Homozygous HH subjects who consumed more than 60g alcohol per day had remarkable higher prevalence of severe fibrosis or cirrhosis compared with those who consumed less than 60g alcohol per day [16]. Asare and colleagues [17] investigated that iron overload and its co-factor alcohol had multiplicative synergistical interaction in fibrosis, cirrhosis even hepatocellular carcinoma by more oxidative and nitrosative stress, lipid peroxidation and DNA damage. Thus, iron and alcohol act synergistically in causing liver injury.
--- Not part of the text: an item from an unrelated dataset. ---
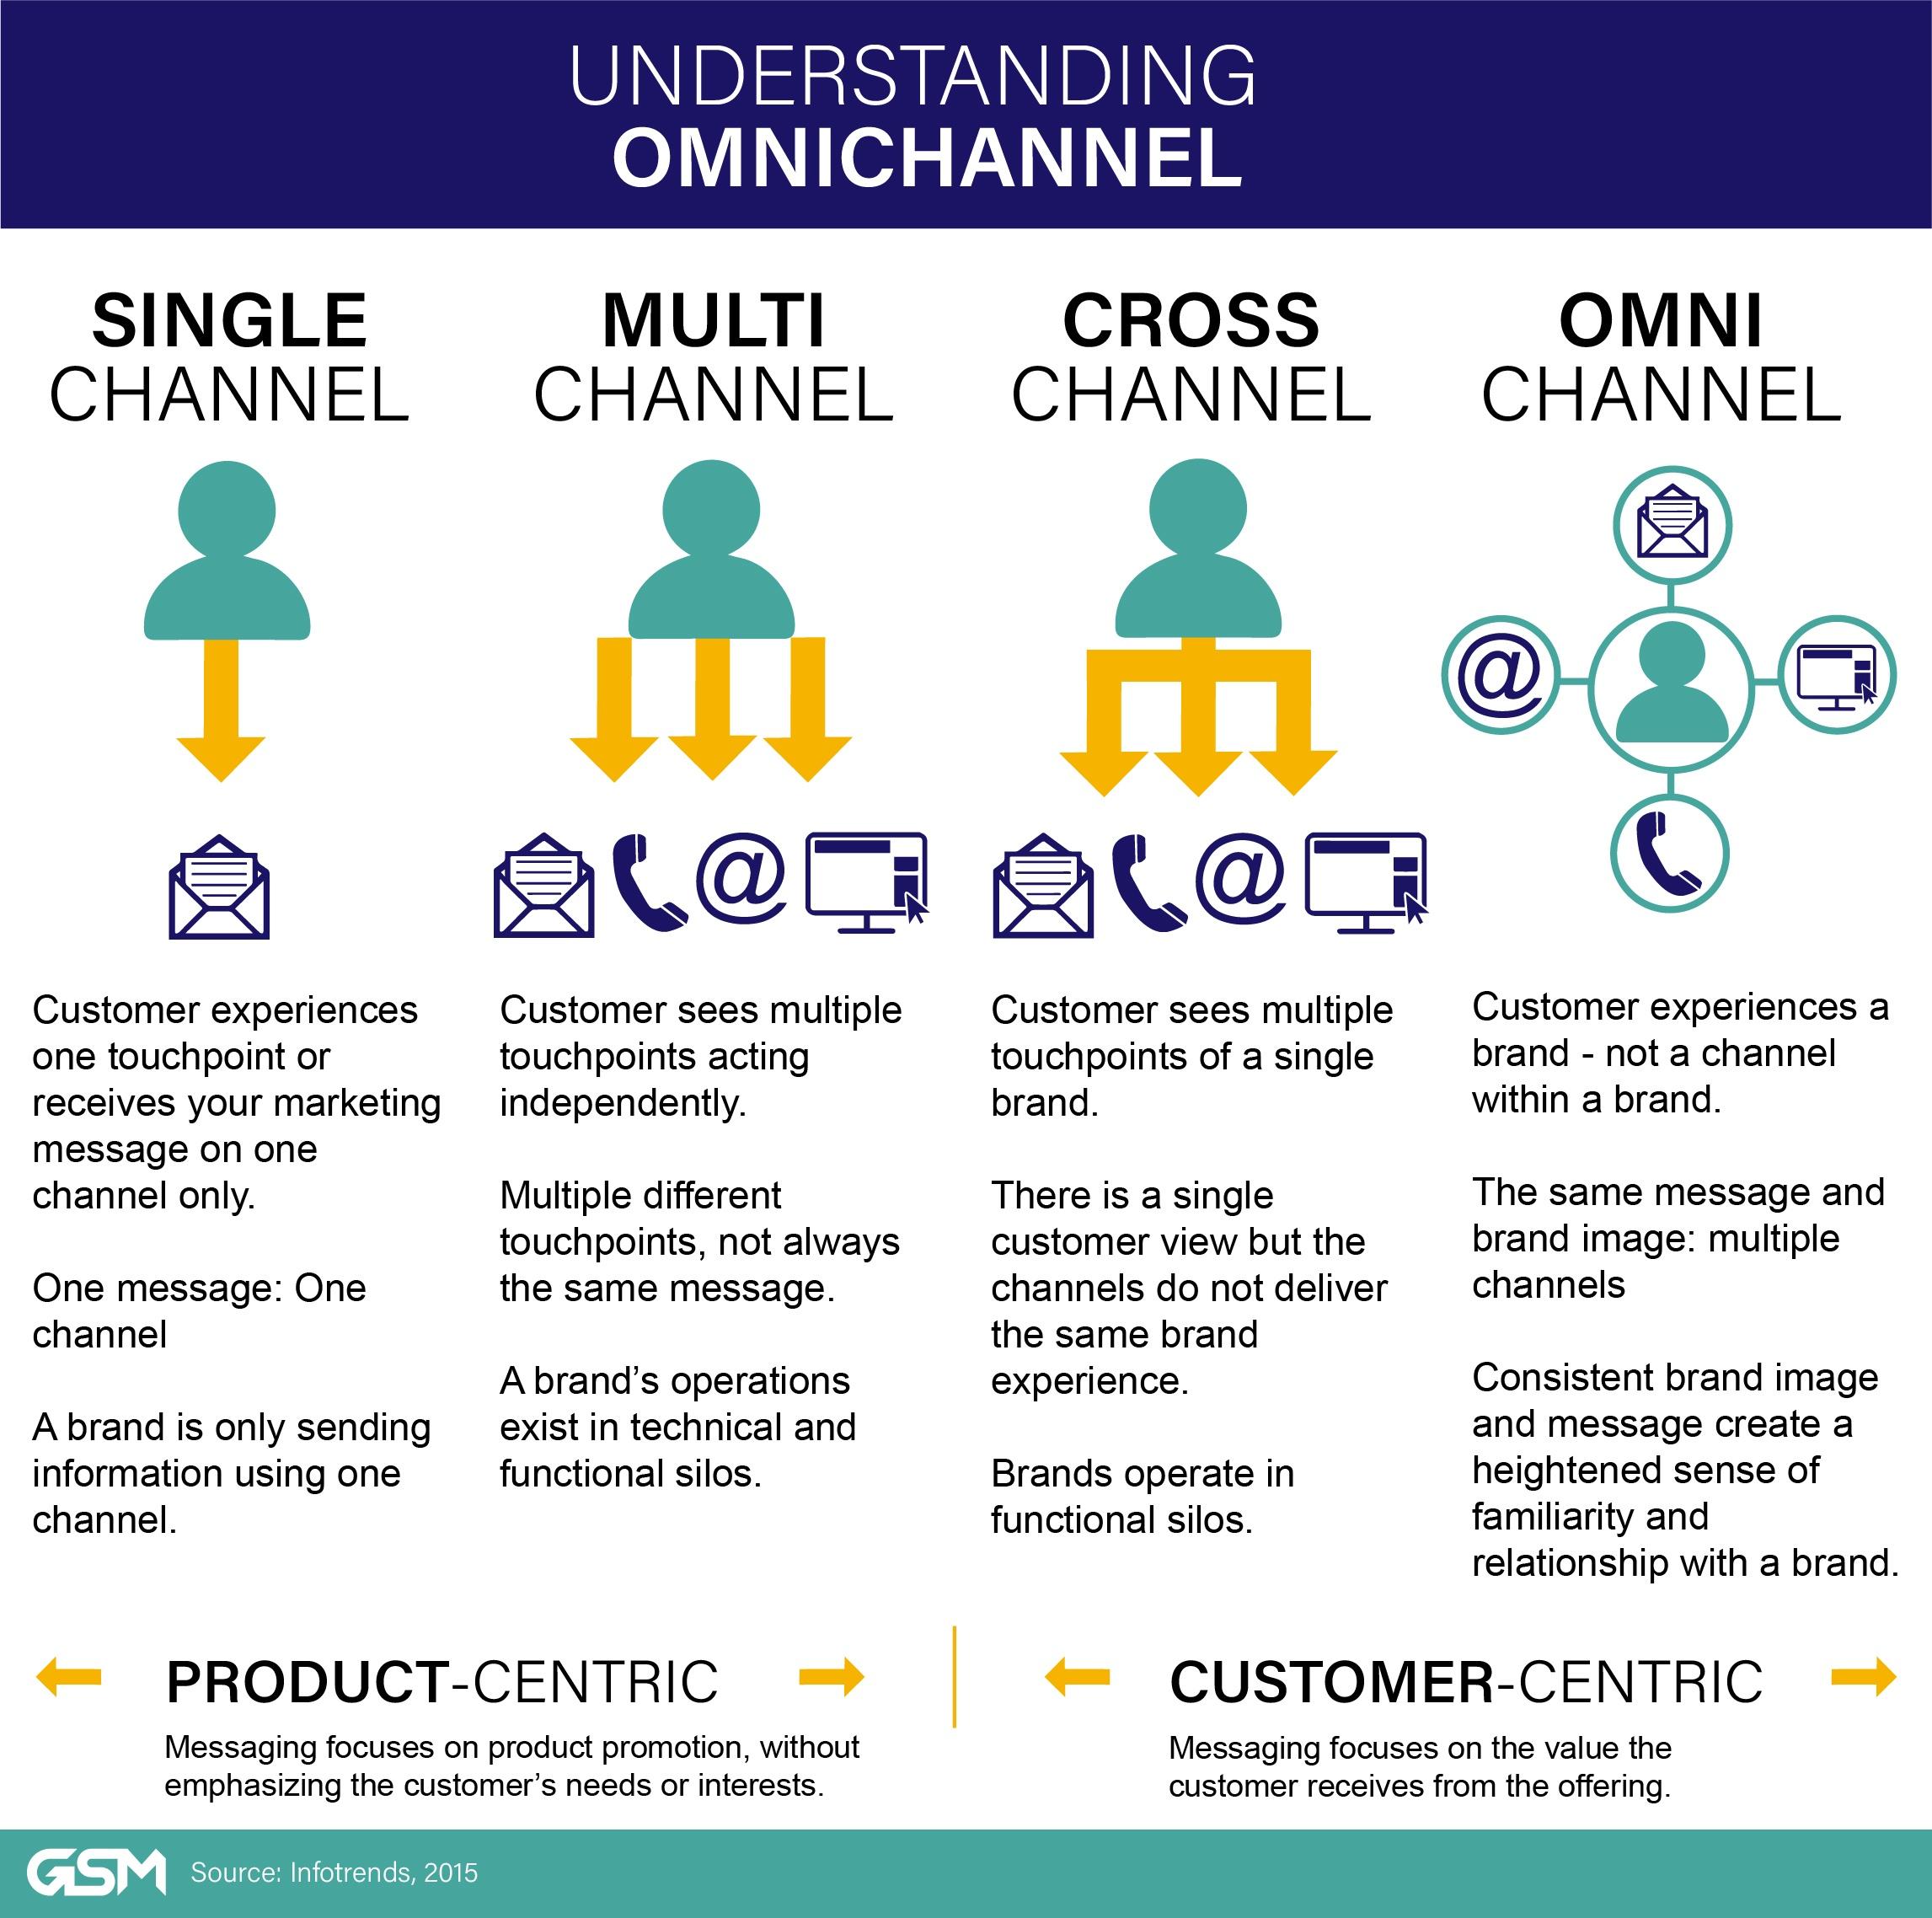 omnichannel_understanding_infographic
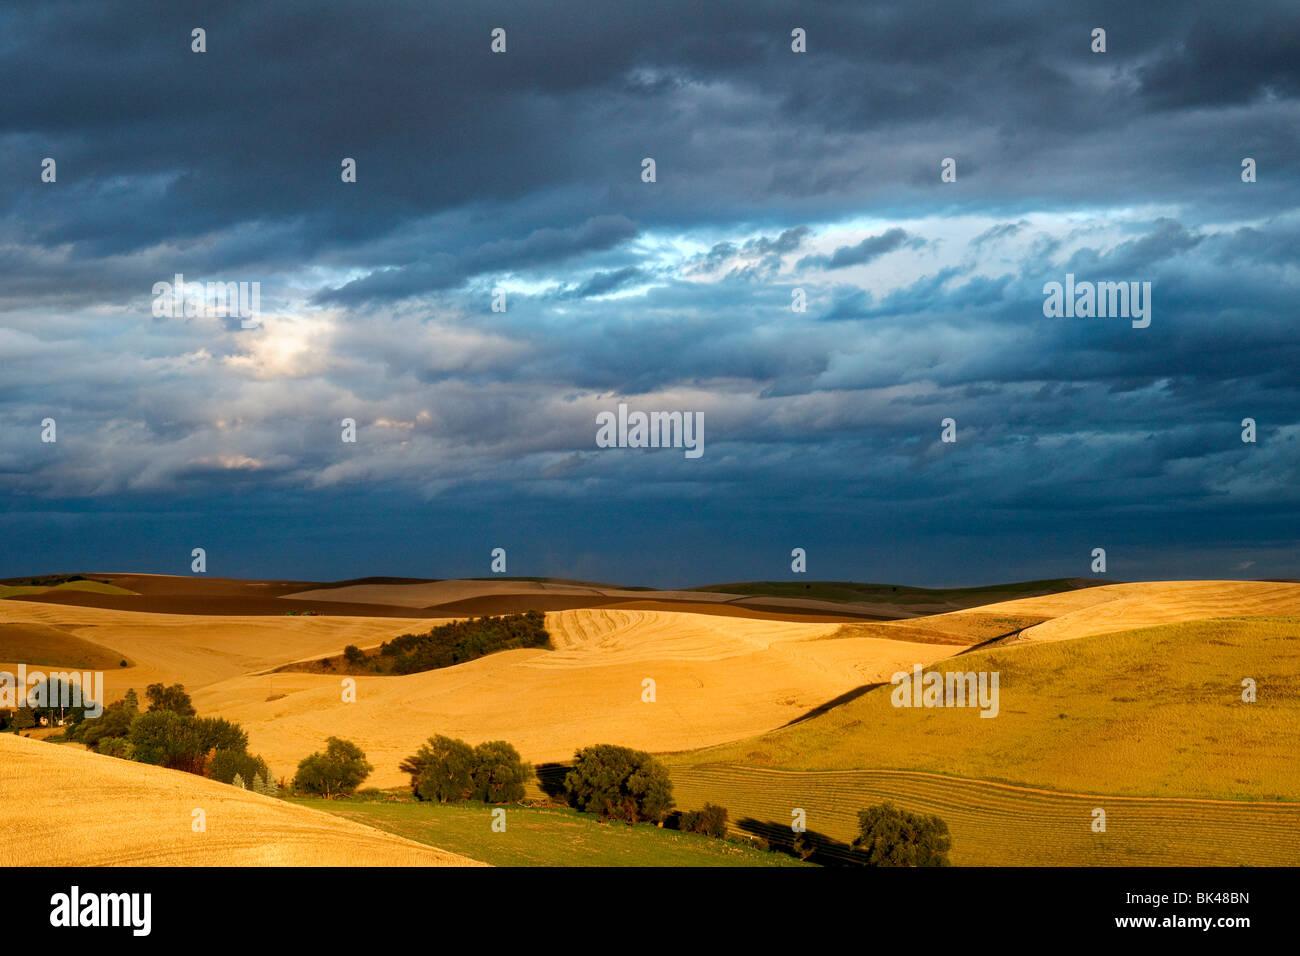 Sonnenlicht bricht durch die Wolken, um Reife Weizenfelder in der Palouse Region Washington Leuchten Stockbild

Persistent neutrophilic leukocytosis when the cause is other than leukemia defines a leukemoid reaction [LR], which should mainly exclude chronic myelogenous leukemia and chronic neutrophilic leukemia [18]. The main causes of LR are severe infections, malignancies, intoxication, drugs and other substance including alcohol. Alcohol can stimulate cells to release excessive amounts of necrosis factor-alpa (TNF-α) [19], which was postulated to be instrumental in the cause of LR. Meanwhile, increased iron content in Kupffer Cells can induce the expression and release of pro-inflammatory cytokine TNF-α [20]. Increased serum levels of interleukin (IL)-18 and IL-1β were also found in alcoholic patient, which stimulate proliferation leukocytes in bone marrow both directly and indirectly induction of granulocyte-macrophage colony-stimulating factor and granulocyte colony-stimulating factor, thus may be another postulation of LR [21]. After therapy of abstinence, iron chelation and liver protection, WBC of our patient gradually declined to almost normal, which confirm our postulation. In conclusion, the symptoms of hemochromatosis are nonspecific evidences and typically symptoms in the early stages. There is few hemochromatosis reported in china, and patients diagnosed hemochromatosis at last are often found with other complications. In order to early detect, early diagnosis and early treatment, it’s necessary to strengthen the recognition of hemochromatosis, including the patients and the doctors, which improving the patients living quality and life. Further study is warranted to accumulate a higher number of cases.